Quell’eredità era dunque tanto inattesa quanto
provvidenziale, almeno a prima vista. Tullio, ancora confuso, già
pensava alla vendita del pregevole immobile come soluzione di tutti
i suoi problemi. Una manna dal cielo. Così all’improvviso. Cara
indimenticabile zia Cloe! … Ma… C’era un problema. L’eredità
era gravata da una condizione. La villa doveva rimanere la dimora
dei gatti della prozia,
vita natural durante (dei gatti), e solo dopo la loro morte, che
l’esecutore testamentario avrebbe verificato fosse avvenuta per
cause naturali, poteva essere ceduta ad altri. Lì, su due piedi
sembrava una sciocchezza. Ma non era così. Il notaio, piccolo e
pallido dietro l’immensa scrivania, invitò ripetutamente il
giovane a riflettere bene sulla convenienza di accettare l’eredità.
Si trattava, invero, di una villa malandata, bisognevole di massicci
e costosi interventi di restauro. Inoltre, a causa del suo valore,
le spese per la procedura ereditaria, da espletare entro sei mesi,
sarebbero state pesanti. Non era da sottovalutare poi il problema
gatti. Il notaio, fronte
corrugata ed occhi acquosi al di sopra degli occhialetti, invece di
compiacersi di comunicare una buona notizia, sembrava dolersi di
annunciare una catastrofe. Tullio si precipitò a prendere visione
della villa, portandosi dietro un amico architetto per una
approssimativa valutazione. “Villa Romita” da lontano appariva
superba sul roccione a picco, tutta avvolta nel suo scialle verde.

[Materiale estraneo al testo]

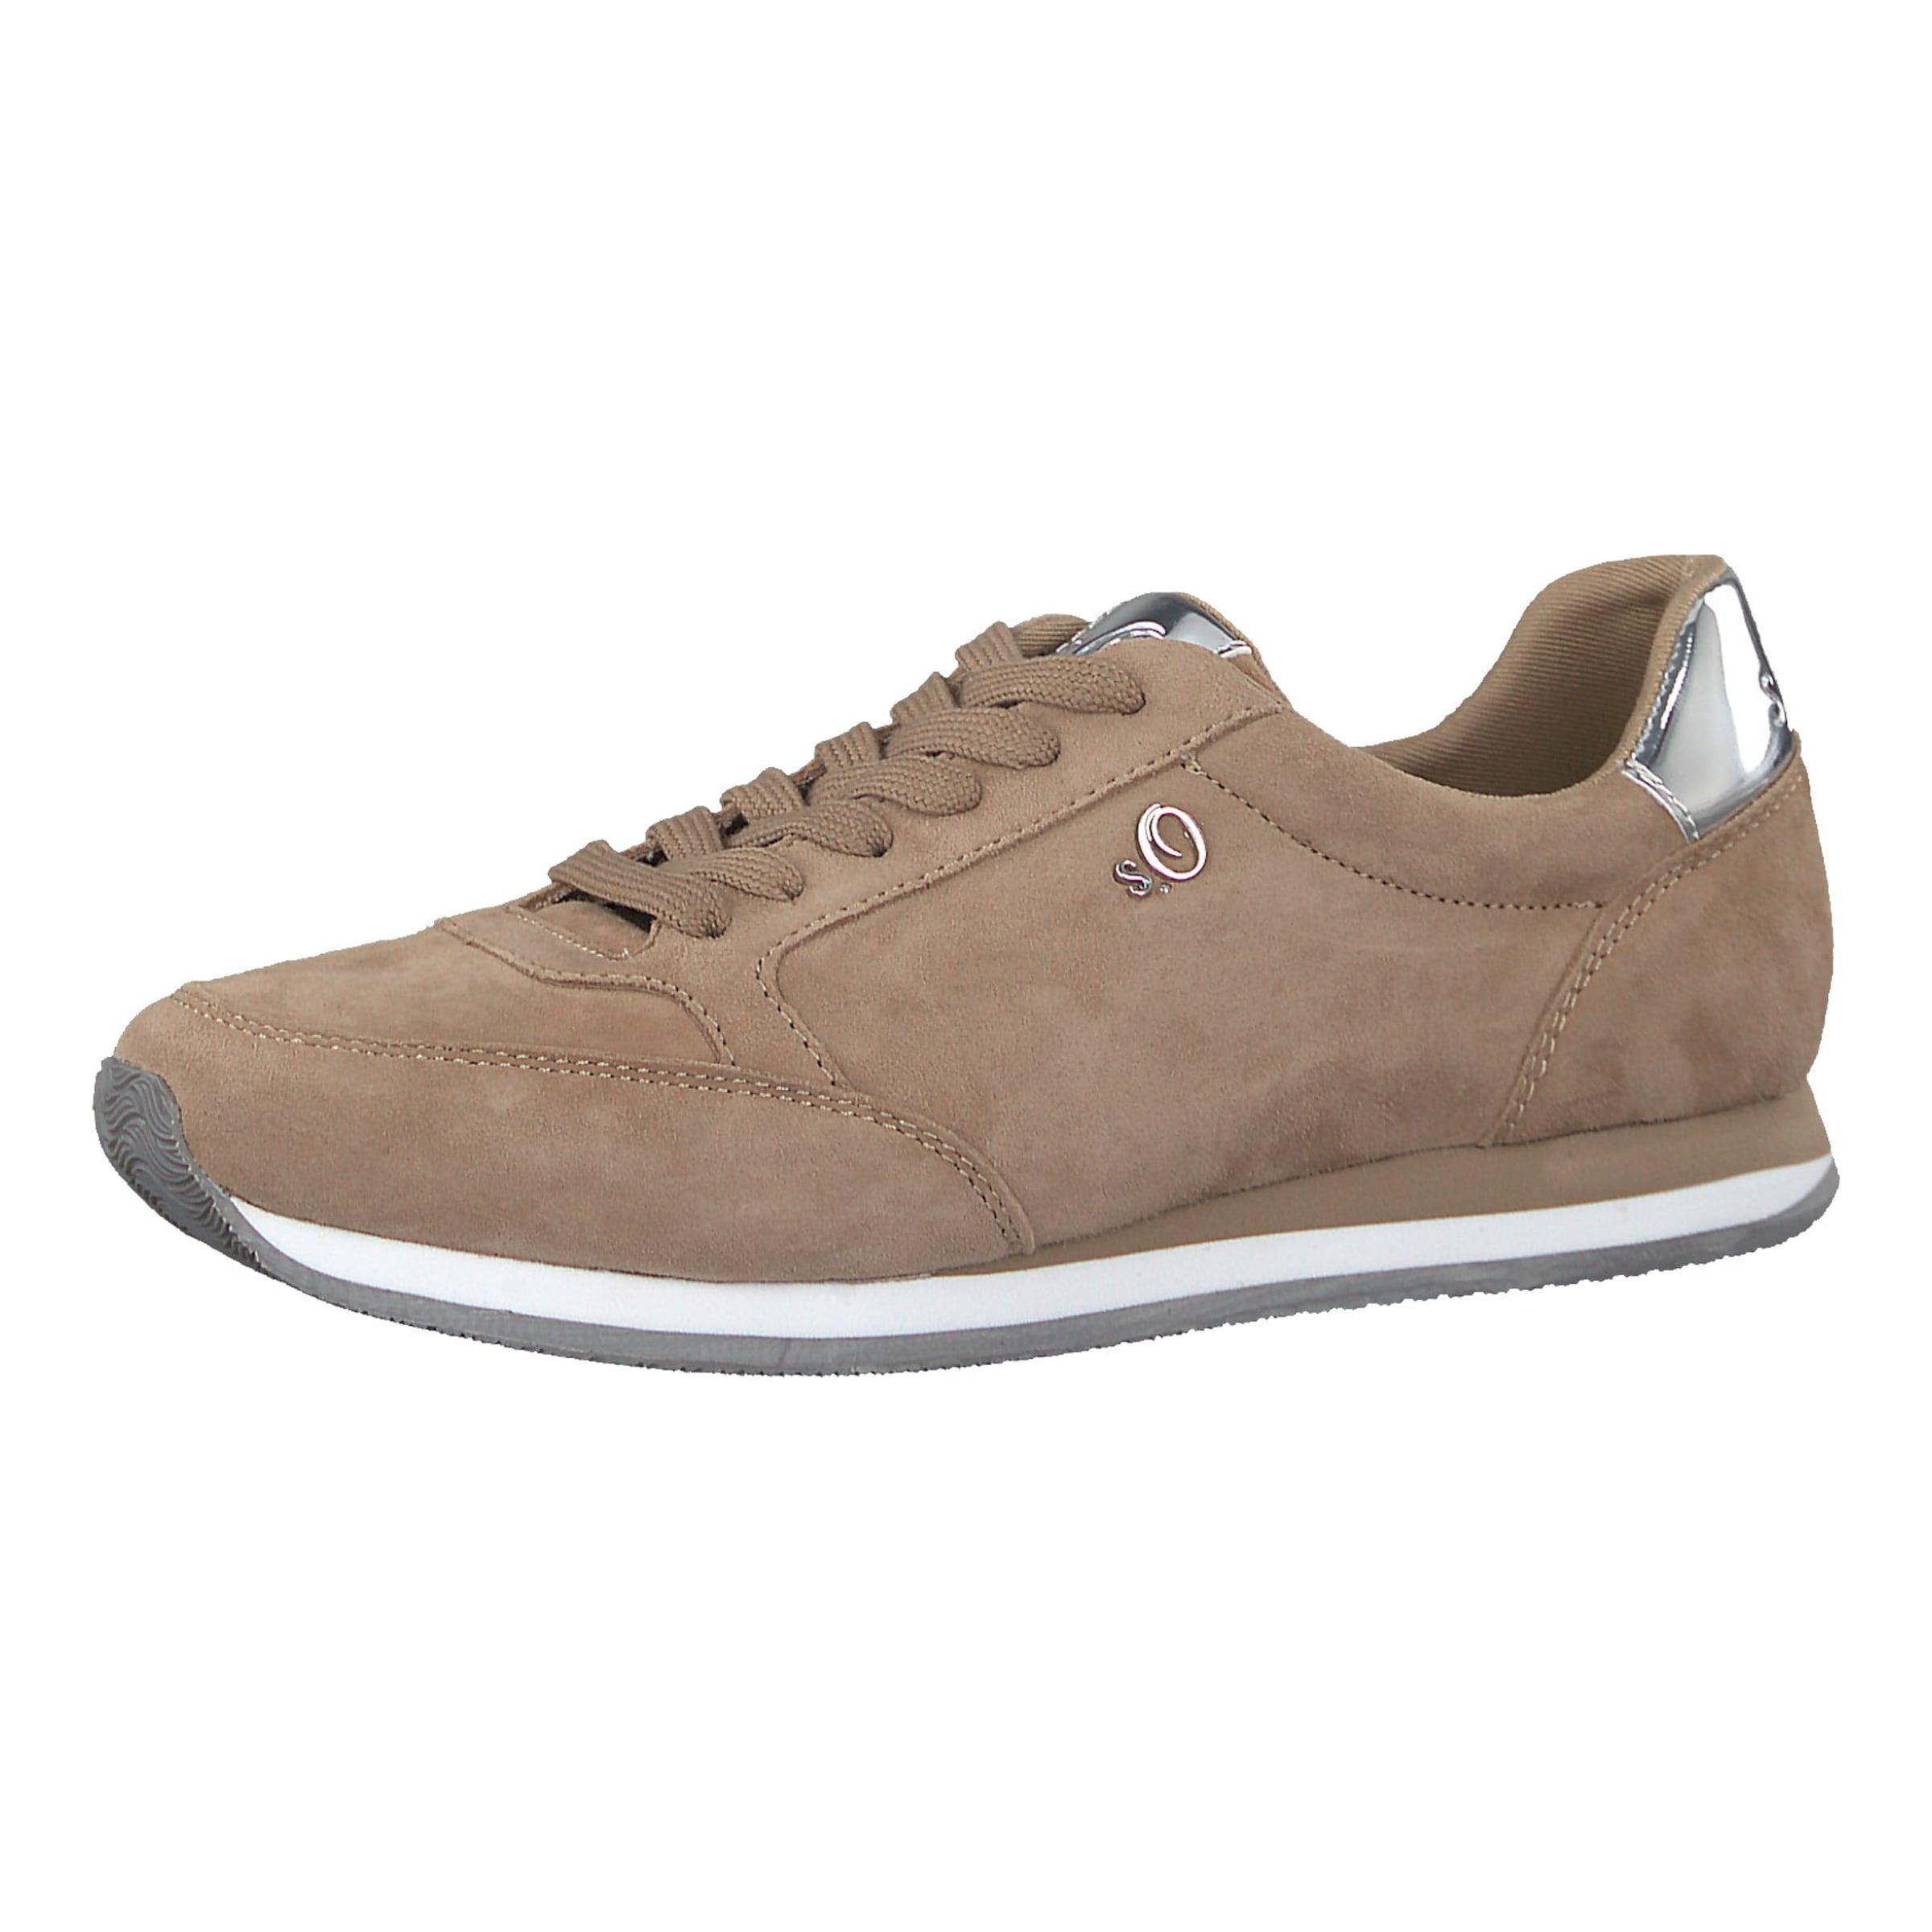 Haltbare Mode billige Schuhe s.Oliver RED LABEL | Sneaker Schuhe Gut getragene Schuhe

Ma da vicino… Nel giardino incolto, invaso da erbacce e
avviluppato di rami e tralci, i gatti spuntavano da ogni cespuglio,
si affacciavano da ogni albero, si rintanavano in ogni anfratto.

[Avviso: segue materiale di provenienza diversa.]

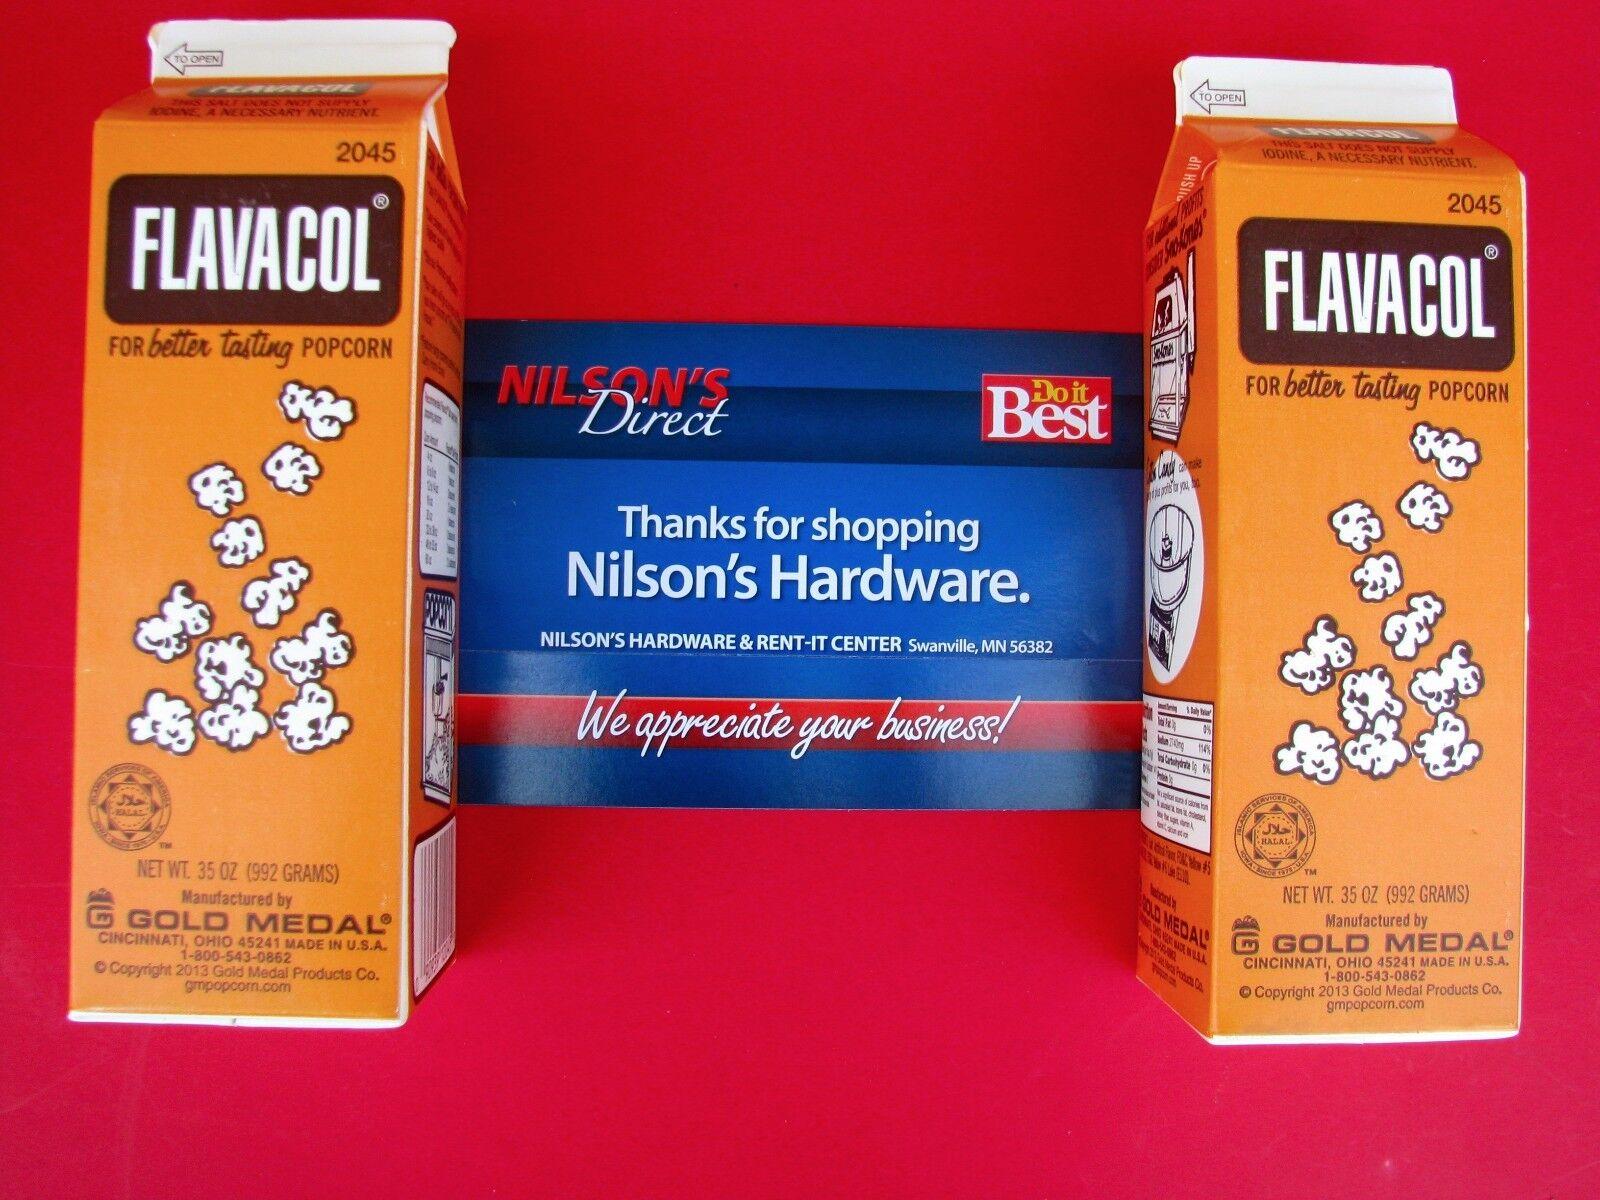 2pk Flavacol Seasoning Popcorn Pop Corn Salt Ingredient Yellow Color Apeal 2045

All’interno, l’incuria della zia e gli insulti del tempo
apparivano addirittura meno gravi dei danni provocati dagli abitanti
felini.
Tappezzerie
sfilacciate, tende strappate, porte e mobili scorticati, tappeti
imbrattati, letti ridotti a giacigli. Ovunque tanfo di orina, e
peli. Quanti erano? Duecento, trecento, mille? Quante le femmine che
potevano riprodursi? Dove cercarle e come prenderle per
sterilizzarle, nella speranza che nel giro di dieci anni tutti
passassero a miglior vita? E nel frattempo? Con quale denaro
l’erede avrebbe fatto fronte alle spese di successione? Quanto
valeva la villa in quello stato? Cosa sarebbe diventata tra dieci
anni?
Furono
questi gli interrogativi che turbarono i sonni e le veglie di Tullio
nei mesi che seguirono. Mentre l’architetto faceva calcoli, una
vecchiaccia laida e segaligna accudiva (si fa per dire) quell’esercito
di inquilini a quattro zampe, distribuendo avanzi di pasti raccolti
da chi sa dove. Era lei la custode testamentaria dei gatti e del
loro benessere. Grazie a un vitalizio doveva provvedere al loro
mantenimento e controllare che nessuno venisse a mancare per cause
sospette.
Per
meglio chiarirsi le idee Tullio dovette ingaggiare, oltre
all’architetto, un avvocato per cercare di sbrogliare la matassa
giuridica, un veterinario per pianificare l’aspetto demografico e
abitativo dei gatti, infine un consulente finanziario per ottenere
un prestito bancario con ipoteca sulla villa, onde far fronte agli
innumerevoli conti che quell’eredità maledetta ogni giorno
presentava. Allo scadere dei sei mesi, Tullio si presentò al notaio
più indebitato di prima, smagrito e isterico. Impensabile
ormai la rinuncia all’eredità. Comunque fossero andate le cose,
le banche potevano rivalersi sull’immobile, e forse qualcosa
sarebbe rimasta. Ma il notaio prospettò una terza possibilità:
vendere subito la nuda proprietà. Il prezzo della villa sarebbe
sceso di molto, si capisce, poiché l’acquirente non ne avrebbe
avuto l’immediata disponibilità. Per contro l’erede avrebbe
avuto il vantaggio di prendere il denaro subito, senza ricorrere al
credito. Avrebbe pagato le spese di successione e si sarebbe tolto
dal collo i creditori.
L’idea
era allettante. Ma richiedeva una giusta riflessione: bisognava
sopratutto vedere di quanto crollava il prezzo della villa. E se
qualcuno sarebbe stato disposto ad acquistare quello che era solo
ormai un contenitore dell’esercito felino.
Dopo
aver molto discettato sull’argomento, finalmente venne fuori che
il prezzo della villa si sarebbe ridotto a un terzo e che
l’acquirente c’era. Il notaio in persona.
Al
povero Tullio non rimase che ingoiare l’amara pietanza.
Un
anno dopo morì la vecchia custode. E i gatti? Tutti sotto
controllo. Non per niente la moglie del notaio faceva il
veterinario. E lo faceva da sempre per ”i protetti” della cara
indimenticabile zia Cloe.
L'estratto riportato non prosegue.